Source information:

:::

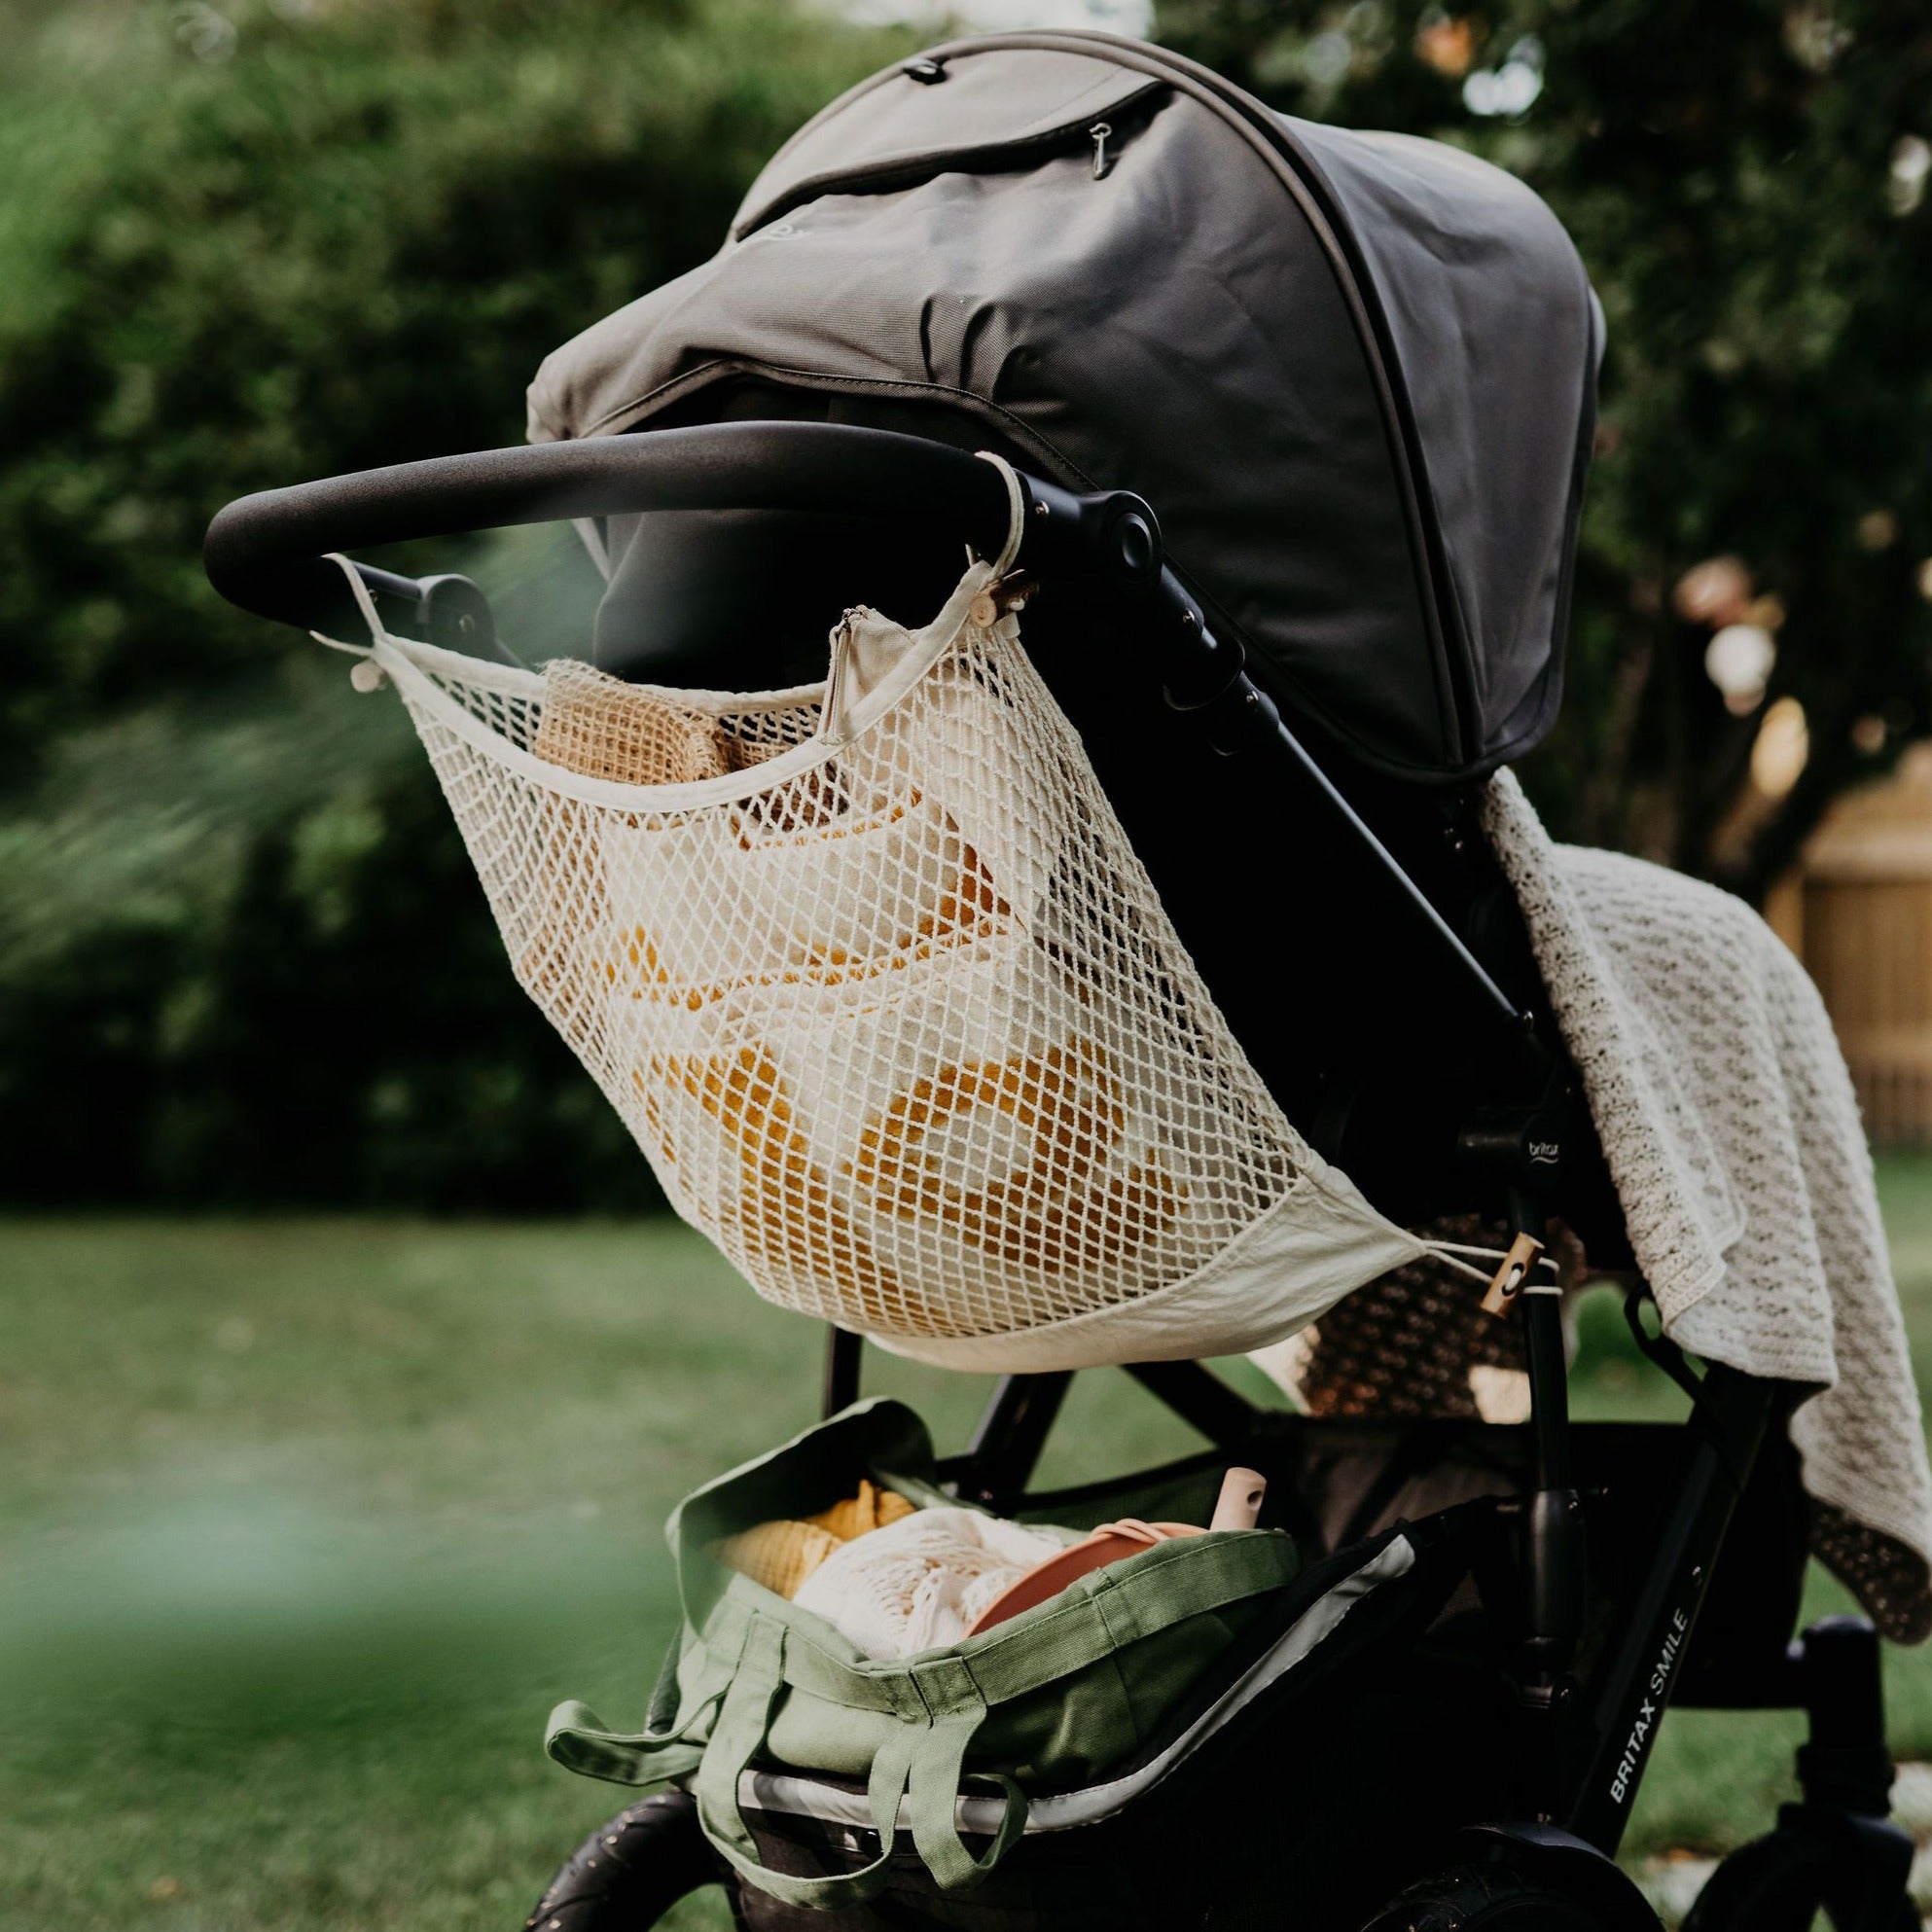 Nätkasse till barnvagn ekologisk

:::

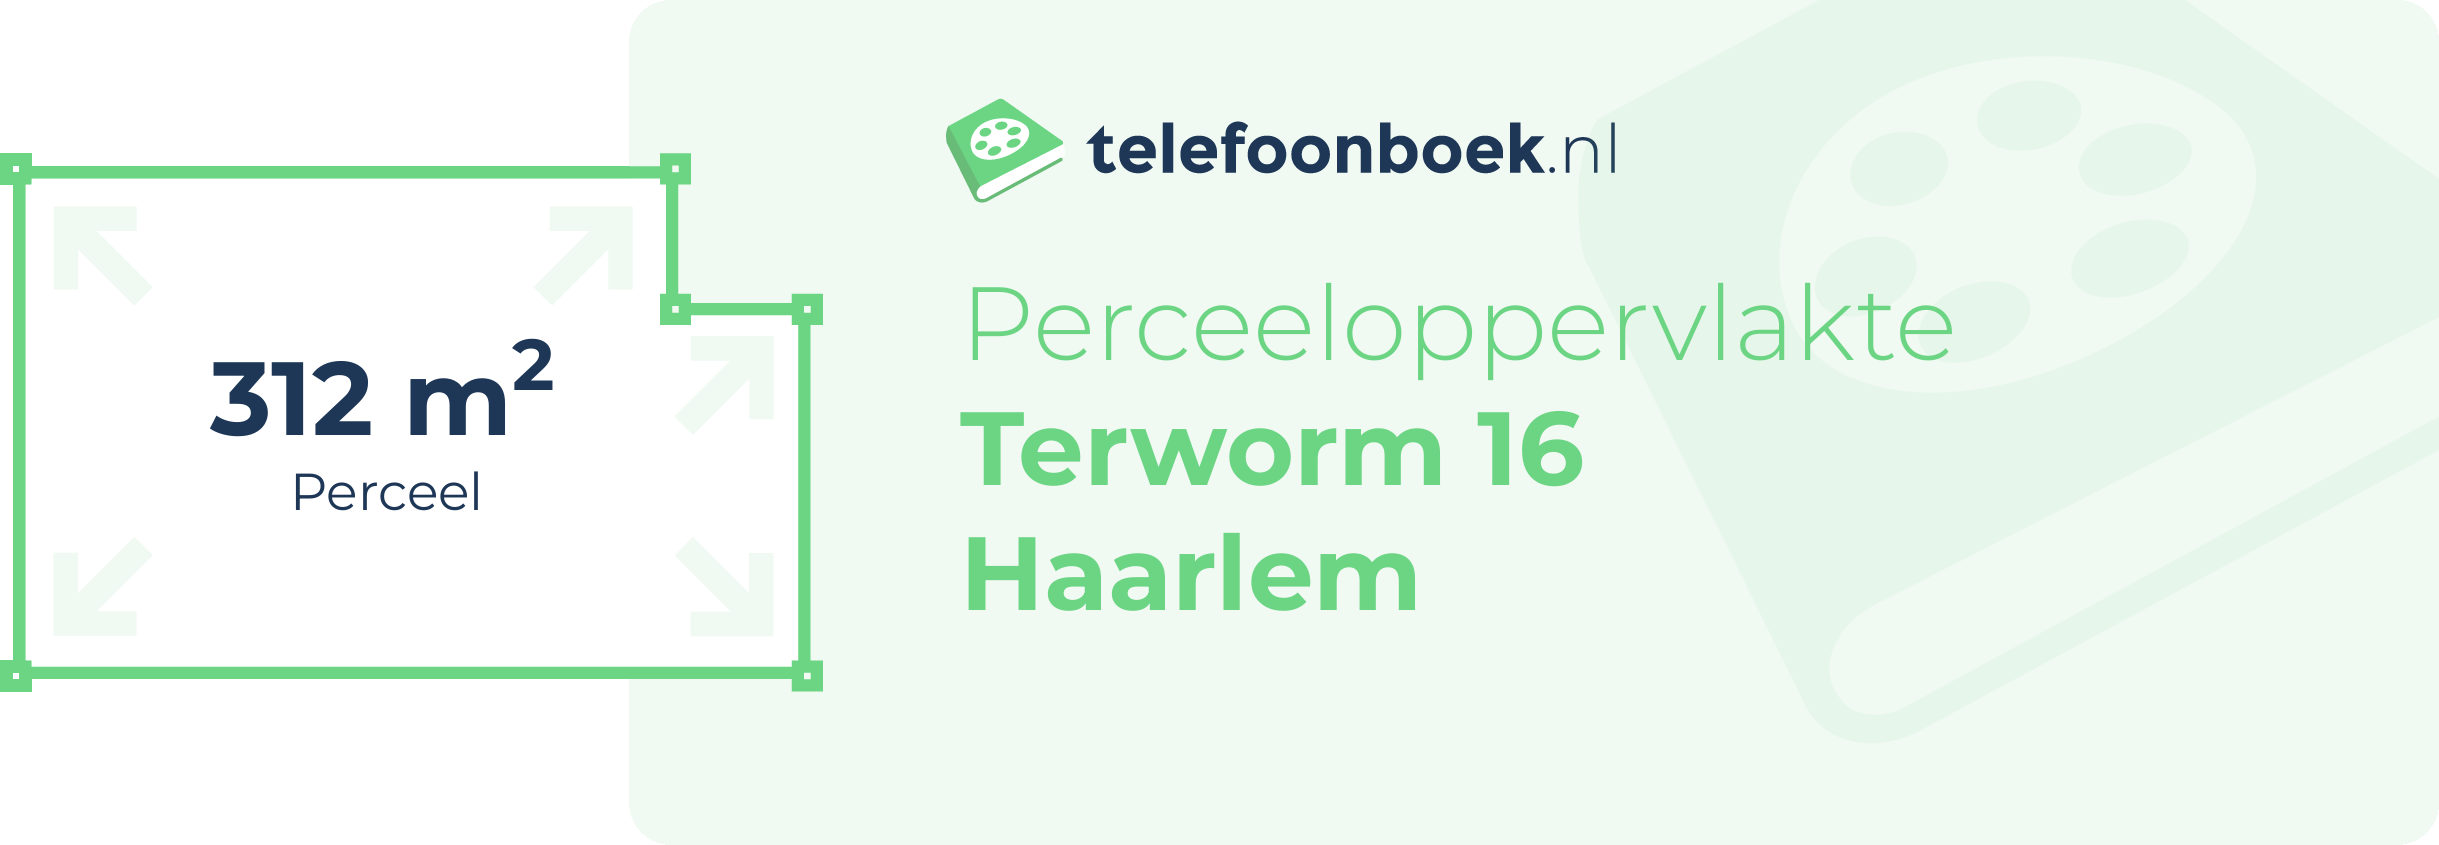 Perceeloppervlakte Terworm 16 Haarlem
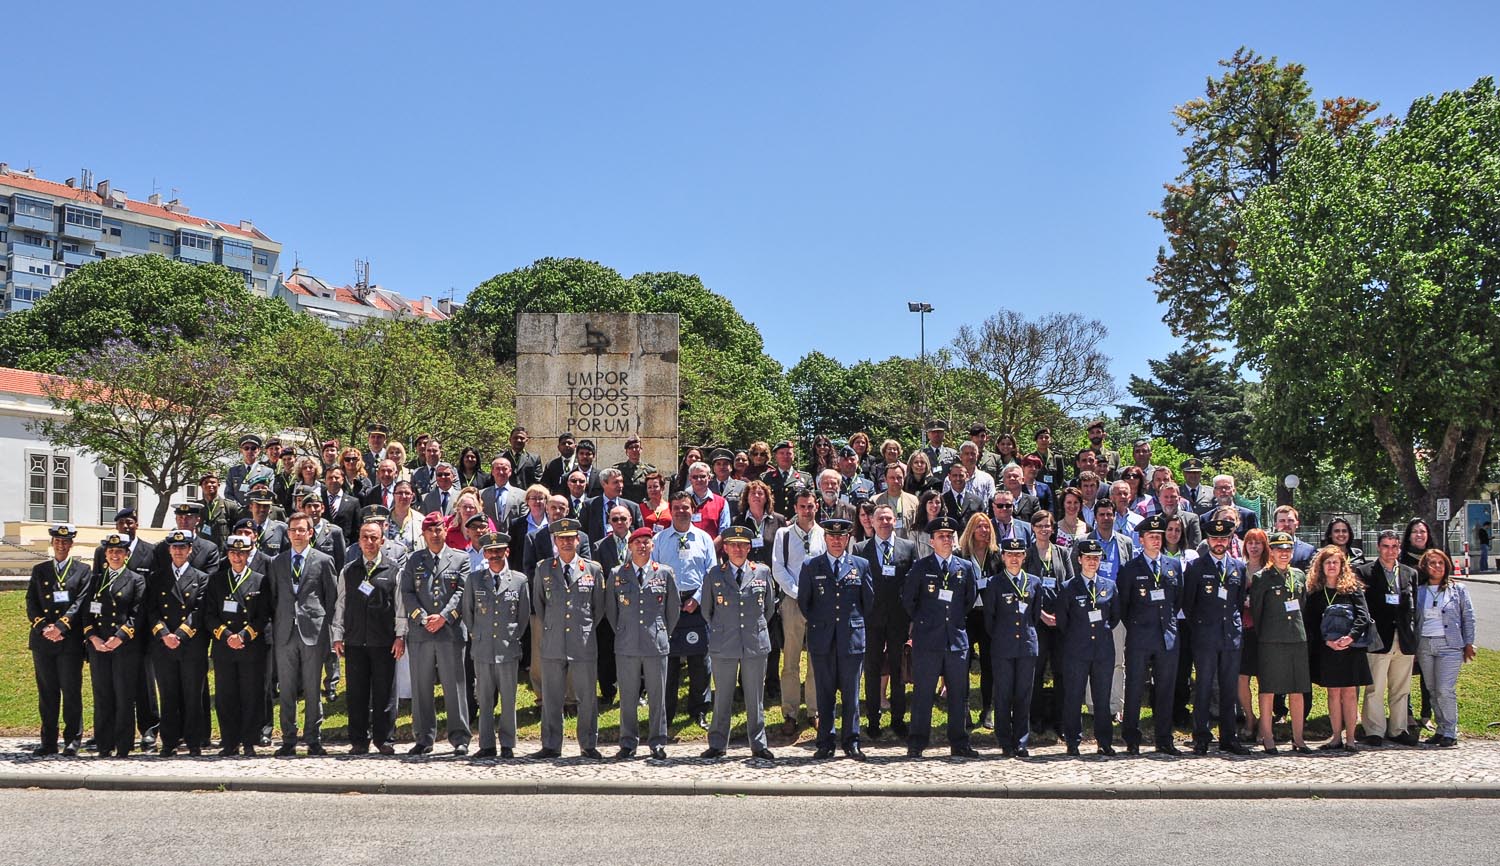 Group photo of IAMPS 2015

:::

Work to be completed:
With the pictures omitted, print the lines above exactly, beginning at the line with "Perceeloppervlakte Terworm 16 Haarlem" and going on through the line with "Group photo of IAMPS 2015".

Response to this task:
 Perceeloppervlakte Terworm 16 Haarlem
 Group photo of IAMPS 2015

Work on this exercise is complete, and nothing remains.